William Christopher Champlin (born April 24, 1983) is an American singer-songwriter, best known for his appearance on Season 5 of the NBC singing competition The Voice as part of Adam Levine's team. He finished in third place behind Jacquie Lee, the runner-up, and Tessanne Chin, the winner of the season.

Career
Before his participation on The Voice, Champlin reached some success as a songwriter. He collaborated with Michael Caruso and provided backing vocals for Ace Young's self-titled album, and also played piano on Michael Jackson's posthumous compilation album Michael, on the song "(I Like) The Way You Love Me". He was nominated in the Best Contemporary R&B Gospel Album category, for co-writing "Ordinary Me", which appears on Heather Headley's album Audience of One.
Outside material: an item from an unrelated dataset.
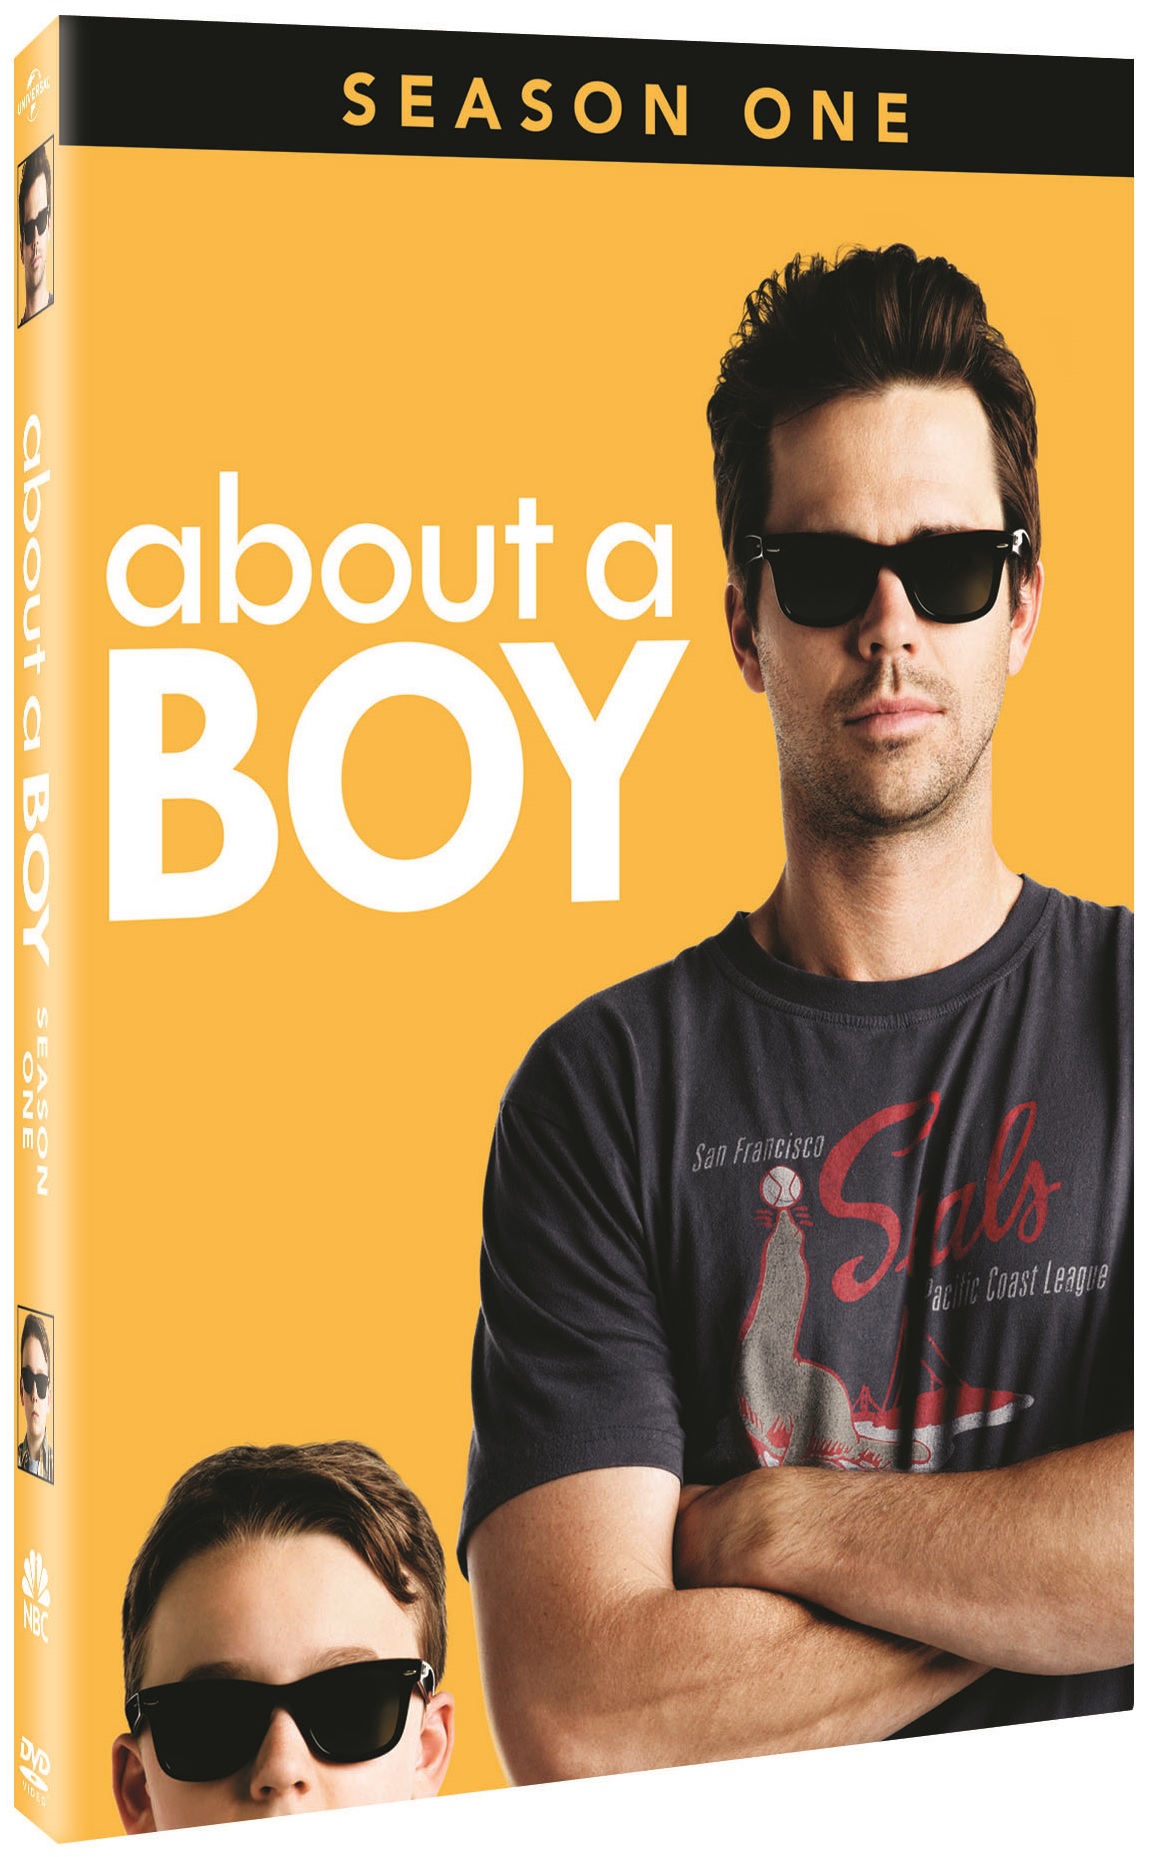 About a Boy Season 1 DVD Review

Audience of One was awarded the 2010 Grammy in its category.

He is now the lead singer of the gritty rock band Valley of Wolves. They made their debut in 2018 with the release of the Album 'Out for Blood'. In 2019 they released 'Take it All'  and in 2021 'Outlaws' was released.

The Voice
On the fourth episode of the Blind Auditions broadcast on October 1, 2013, he performed Gavin DeGraw's song "Not Over You". Adam Levine, Cee Lo Green, and Blake Shelton turned their chairs but he opted to join Adam Levine.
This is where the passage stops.